I just scrape. I believe the script assumes UTF 8
What makes me think it is only the settings or configuration of the system is that the script actually worked and gave me properly encoded Arabic text in the output file. So, I believe I should not touch the script itself as it already worked perfectly before.
I’ve worked with encodings my whole life, and what always helped me figure these things out is remembering that there are no letters in computers, there are just numbers. What you are seeing when you say “strange and funny characters” is just numbers that are not interpreted in the way you expected.
There are 2 possible reasons:
While scraping, the numbers have been interpreted not as the numbers the website uses to represent them. This is the question I asked before.

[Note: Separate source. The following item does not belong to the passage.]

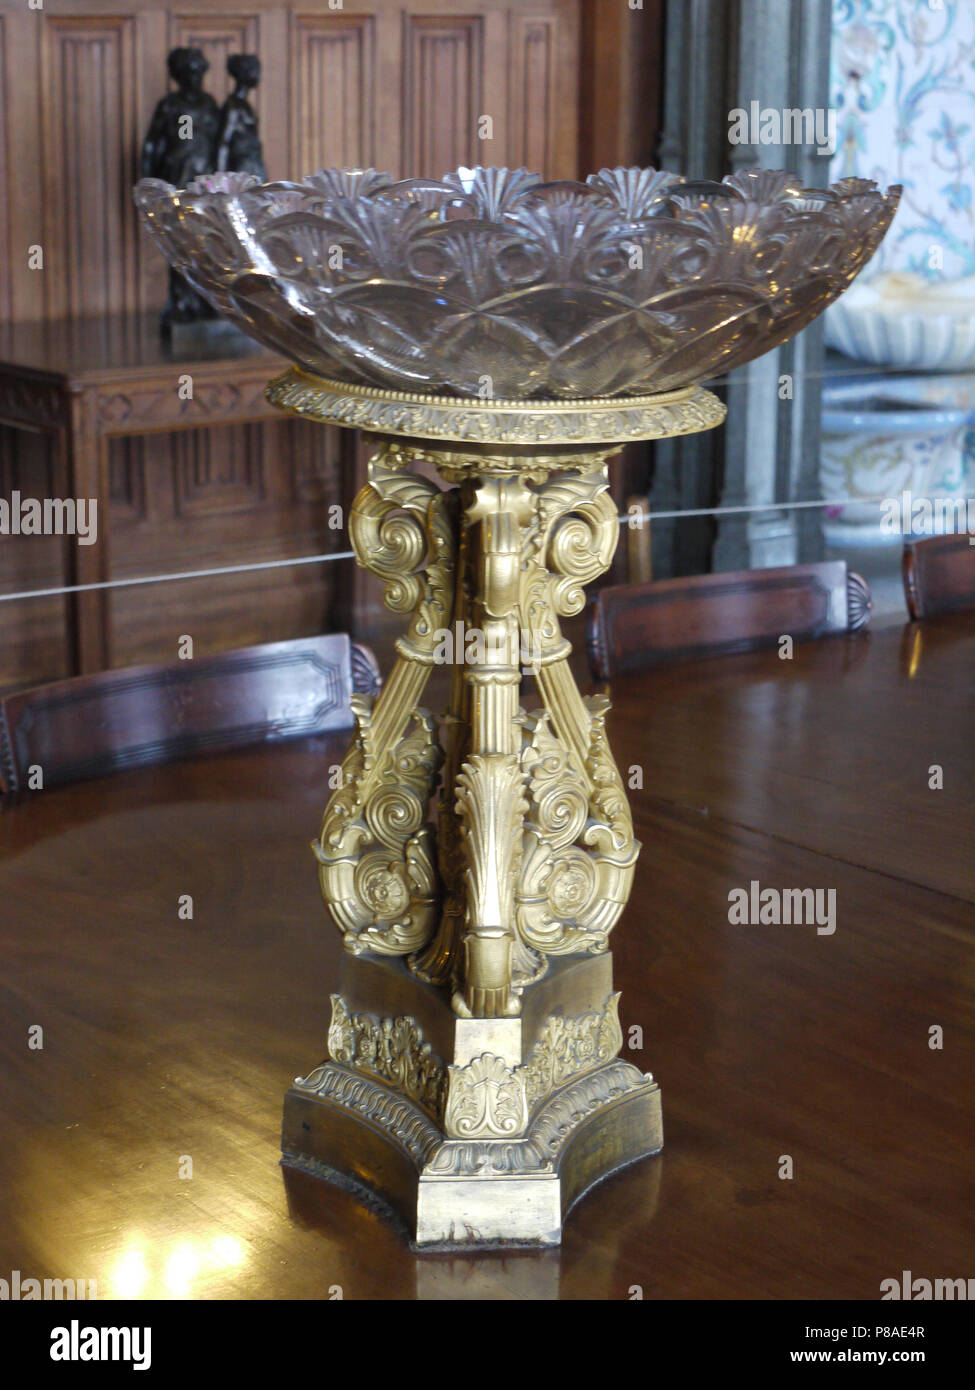 https://c8.alamy.com/compes/p8ae4r/hermoso-jarron-decorativo-sobre-un-pedestal-de-bronce-masivo-para-su-diseno-p8ae4r.jpg

While displaying them after scraping, the numbers you have in the scraped data are not interpreted in the way you expect. That is a question of how you output the data.
If you can conclusively rule out number one, then please check number two. See how you output the data, which encoding is used to interpret the numbers in the scraped data. Also check the encoding of the shell, if you output them on a shell.
I believe it is supposed to be correct!
In my “settings” → Regional & Language I set the language to be the first option “C”, it was set before to American English, but all gave me these funny characters.
I think there might be some setting, something to install or configure to get it right.
This looks to me more like a developer/development problem than an OS/installation issue. From a development perspective, I can only tell you how I would start debugging the issue:
Get a dump of the website you’re scraping, using either curl or wget. Then using the scraping framework I would try to see into the memory, if the memory representation is the same. If that is not possible, dump the binary representation from the scraper into a file, then binary diff the original wget/curl version and this version.
Thank you.
I will consider your points.
Though I still can’t understand how come the same code worked before and not working now.
I will double check the code.